Re: RFC - de-clustered raid 60 or 61 algorithm

"John Stoffel" <john@xxxxxxxxxxx> · Fri, 9 Feb 2018 22:02:59 -0500

>>>>> "NeilBrown" == NeilBrown  <neilb@xxxxxxxx> writes:

NeilBrown> On Thu, Feb 08 2018, Wol's lists wrote:
>> After the de-clustered thread, Neil said it would probably only take a 
>> small amount of coding to do something like that. It was also discussed 
>> about spreading the load over disks on a reconstruction if there were a 
>> lot of disks in an array.
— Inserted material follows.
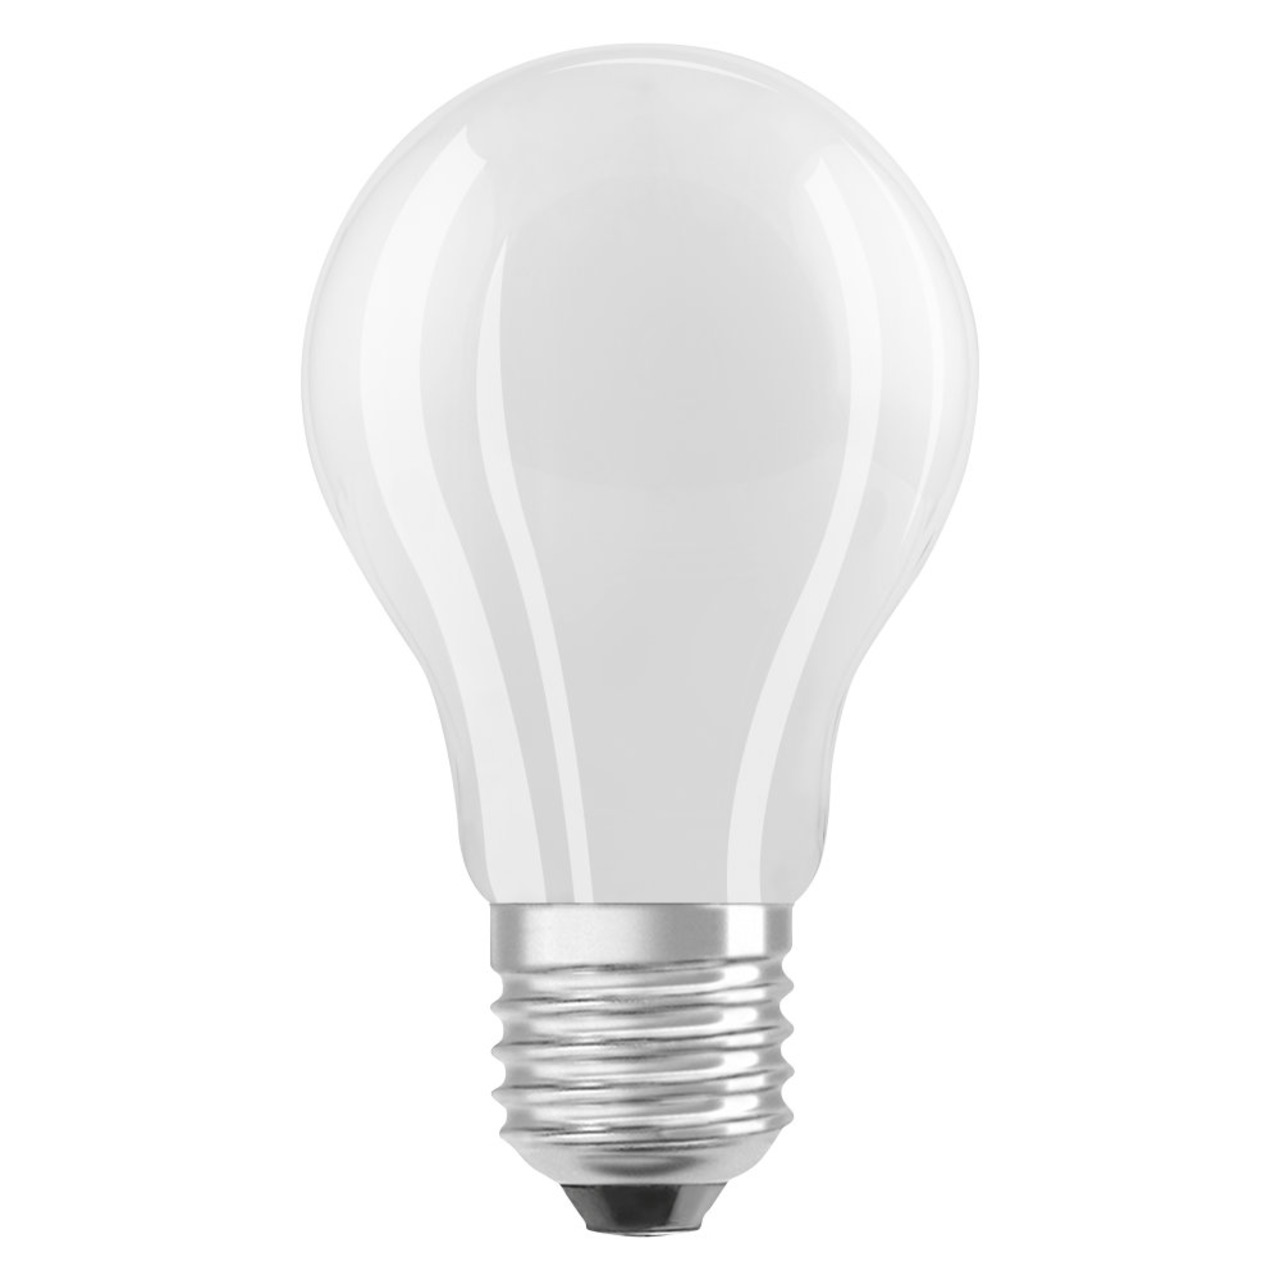 OSRAM LED Superstar 11-W-Filament-LED-Lampe E27- warmweiss- matt- dimmbar- 1521 lm unter Beleuchtung

I've been trying to get my head round a simple 
>> algorithm to smear data over the disks along the lines of raid-10.
>> 
>> Basically, the idea is to define a logical stripe which is a multiple of 
>> both the number of physical disks, and of the number of logical disks. 
>> Within this logical stripe the blocks are shuffled using prime numbers 
>> to make sure we don't get a pathological shuffle.
>> 
>> At present, I've defined the logical stripe to be simply the product of 
>> the number of logical disks times the number of mirrors times the number 
>> of physical disks. We could shrink this by removing common factors, but 
>> we don't need to.
>> 
>> Given a logical block within this stripe, its physical position is 
>> calculated by the simple equation "logical block * prime mod logical 
>> stripe size". So long as the "prime" does not share any factors with the 
>> logical stripe size, then (with one exception) you're not going to get 
>> hash collisions, and you're not going to get more than one block per 
>> stripe stored on each drive. The exception, of course, is if physical 
>> disks is not greater than logical disks. Having the two identical is 
>> especially dangerous as users will not expect the pathological behaviour 
>> they will get - multiple blocks per stripe stored on the same disk. 
>> mdadm will need to detect and reject this layout. I think the best 
>> behaviour will be found where logical disks, mirrors, and physical disks 
>> don't share any prime factors.
>> 
>> I've been playing with a mirror setup, and if we have two mirrors, we 
>> can rebuild any failed disk by coping from two other drives. I think 
>> also (I haven't looked at it) that you could do a fast rebuild without 
>> impacting other users of the system too much provided you don't swamp 
>> i/o bandwidth, as half of the requests for data on the three drives 
>> being used for rebuilding could actually be satisfied from other drives.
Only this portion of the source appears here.